Mrs Cougill, 48, said she had gone to the McDonald's in Hard Ings Road last Tuesday afternoon with her son.

She said: "Normally I park up up and take Simon inside, because I'm able to walk with a walking stick," she said. "If I could have walked into the restaurant with my son I would have done, but I wasn't feeling well that day so I used the drive-through instead.

"We did get served, but then a member of staff came out and said we could use the drive-through this time, but not again. He said it was because of 'health and safety'".

Mrs Cougill, of Redcliffe Street, said she challenged the restaurant's stance, and has pointed out that she was not holding up traffic or causing any other kind of obstruction.

"My scooter cost £4,500, and it's had its MOT, it's insured and taxed," she added. "It's legal to be used on the road, and I do use it on the road.

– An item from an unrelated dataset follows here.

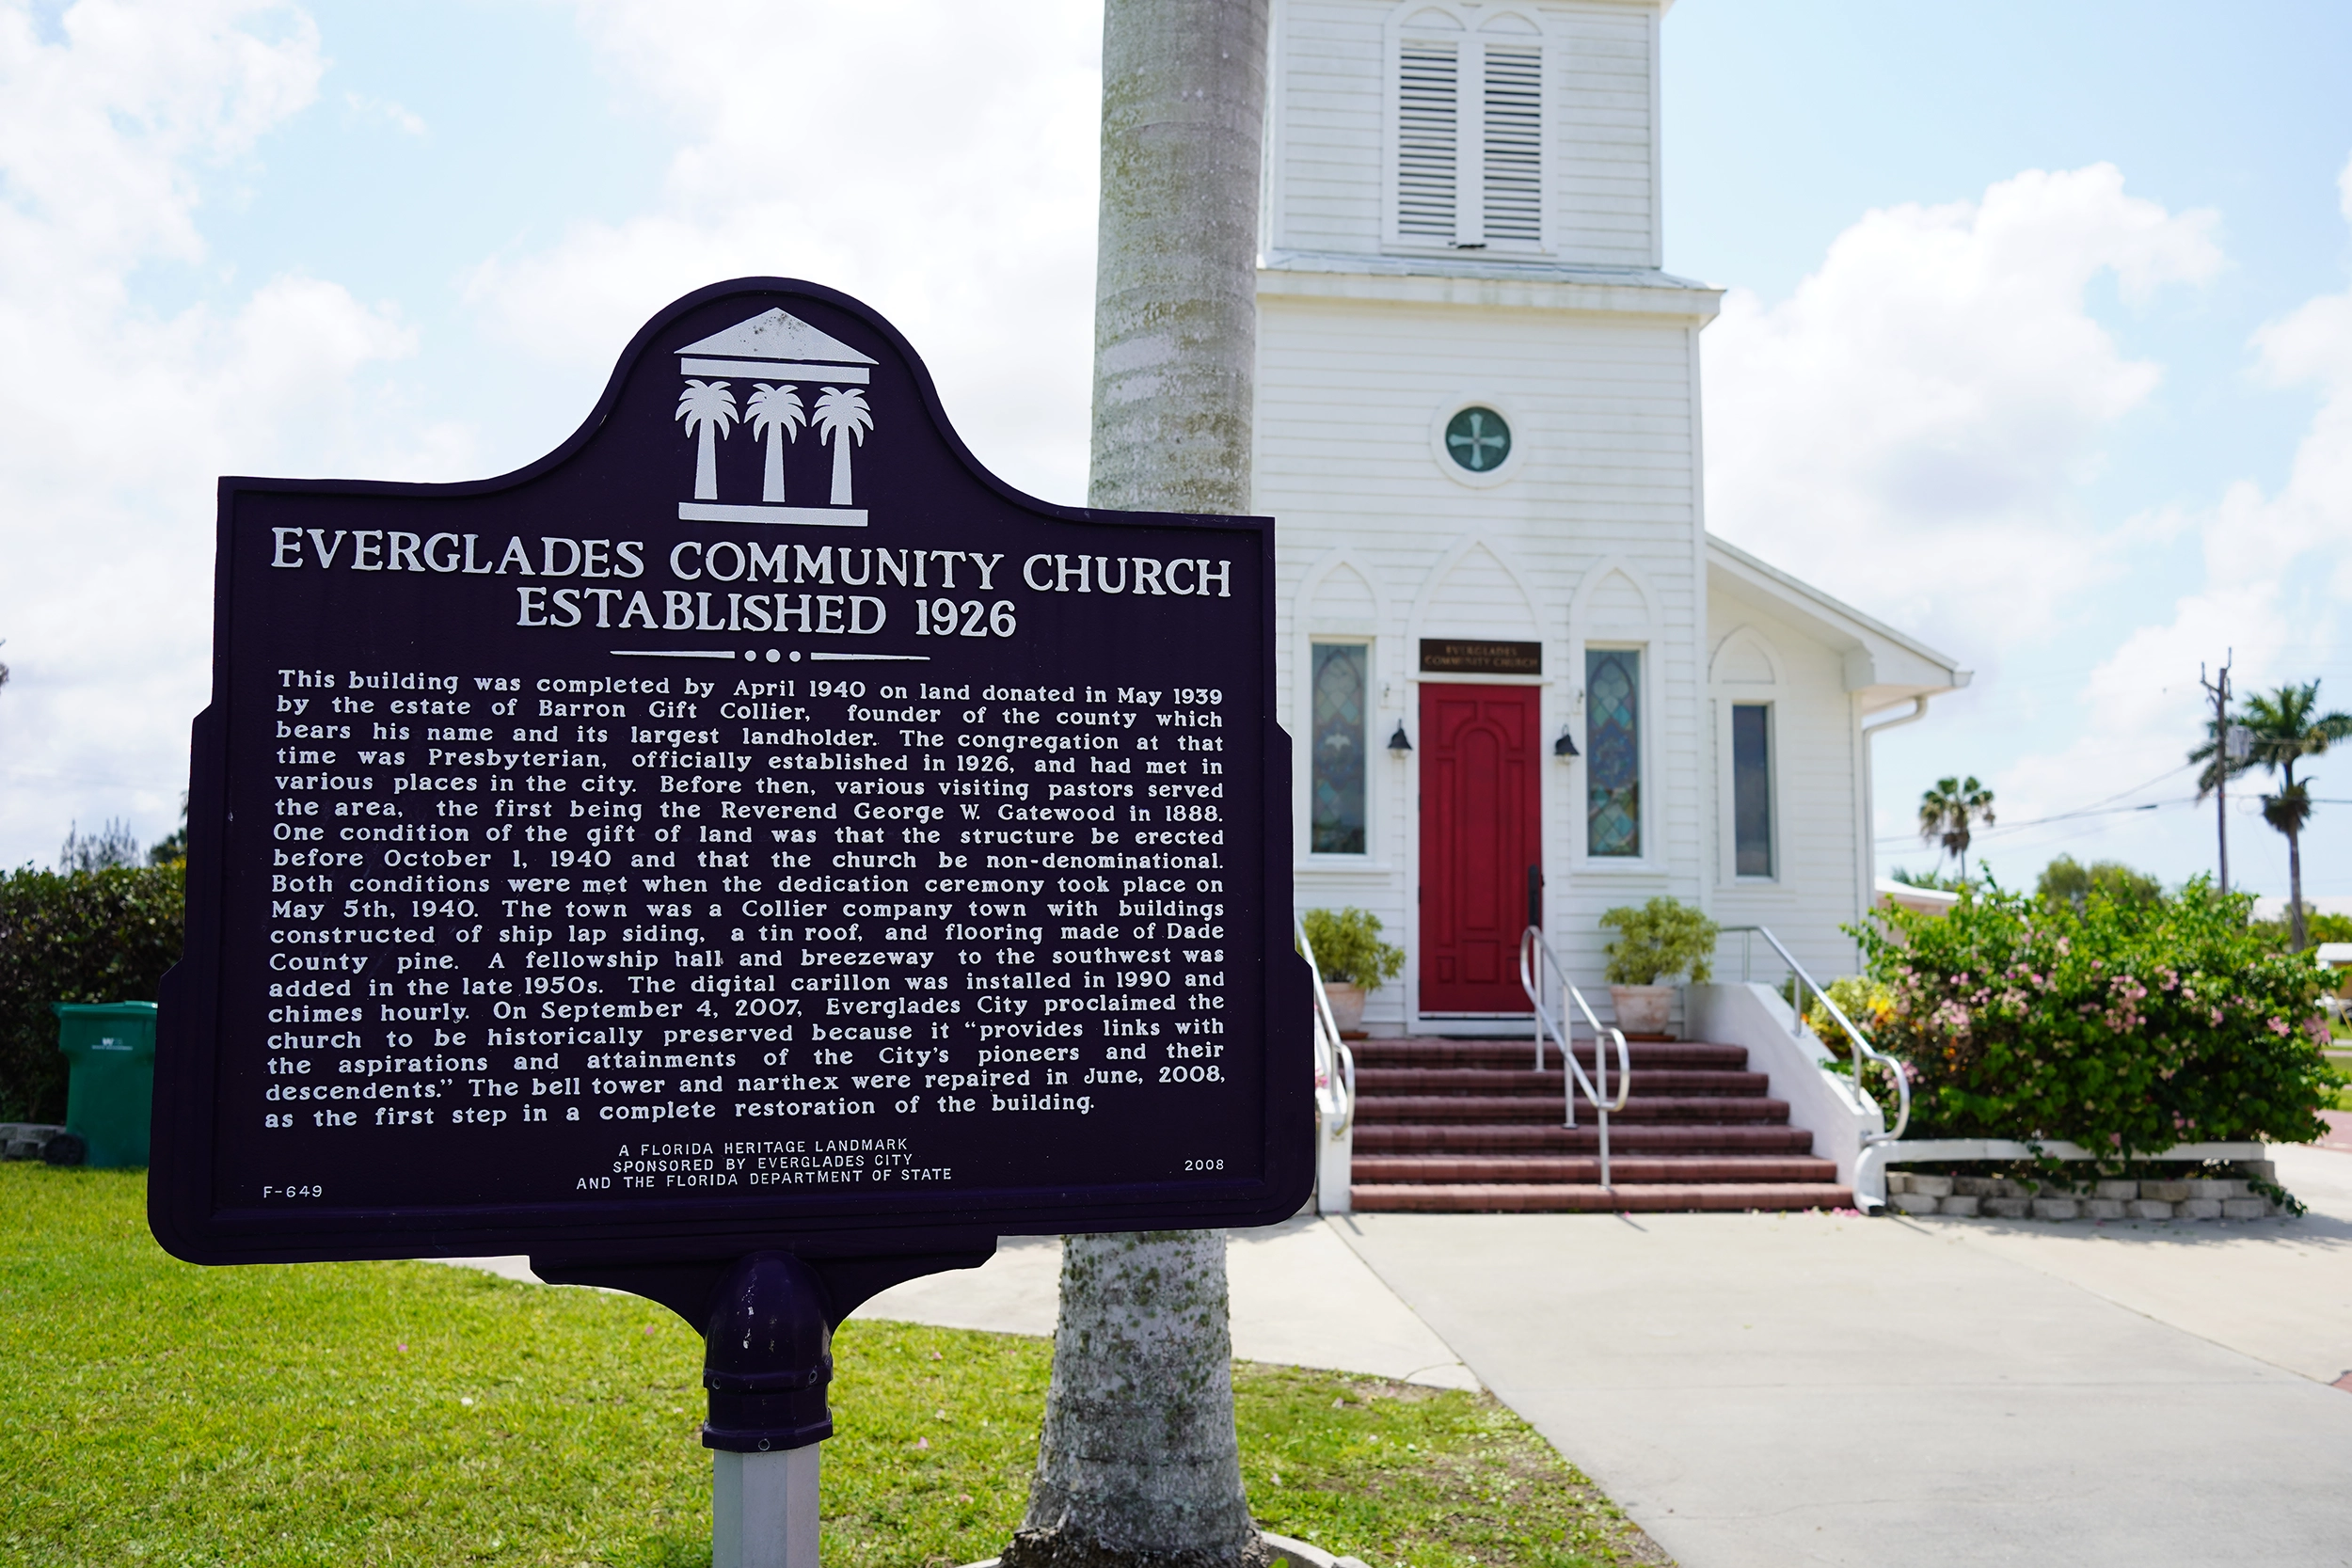 Everglades Community Church Everglades City copy right Denise Wauters
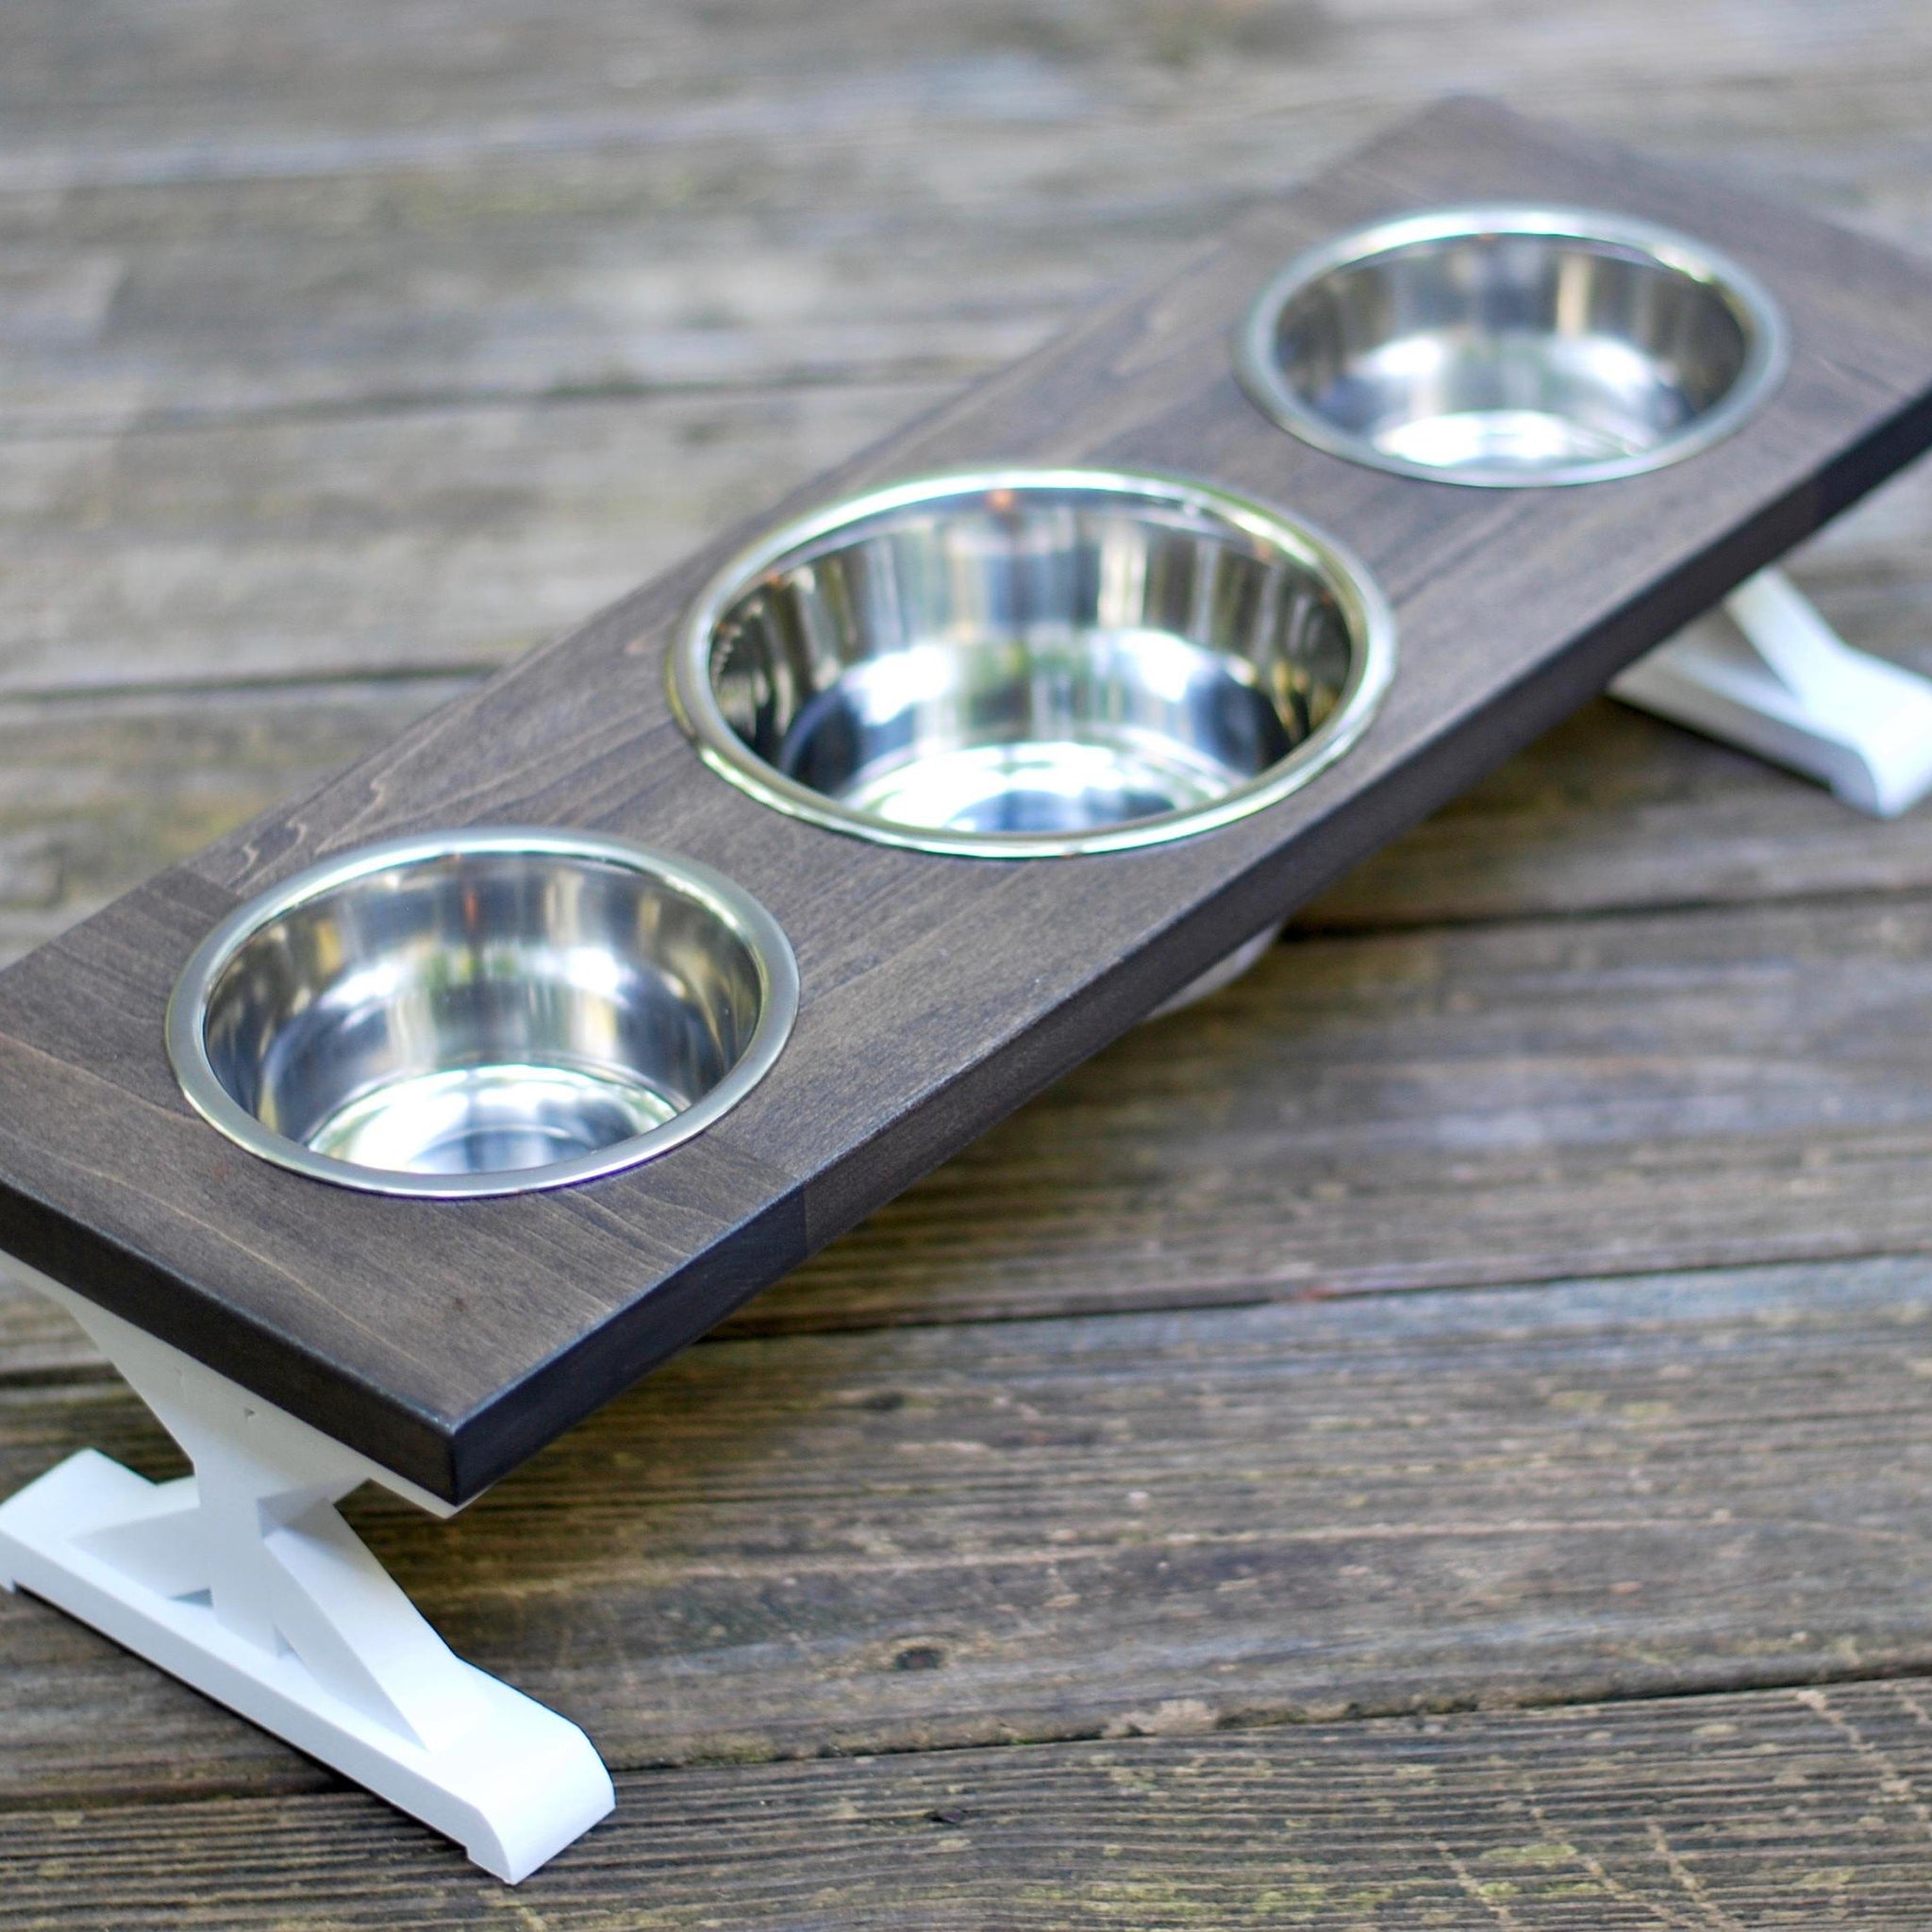 Medium Elevated Dog Bowl Stand - Trestle Farmhouse Table - Three Bowl Stand

"We'd done nothing wrong, we hadn't broken any rules, and we'd used the drive through there before without anyone saying anything."

The McDonalnd's spokesman said: “Our Drive-thru lanes are suitable for safe use by cars, vans, motorbikes, mopeds, and mobility scooters designed for road use.

"On this occasion, while the mobility scooter in question was designed for road use, we understand that the driver of the mobility scooter also had a child on her lap.

"Safety is a top priority, and for this reason the restaurant team advised that we would be unable to serve this customer again in the Drive-thru, if they were carrying an extra passenger.”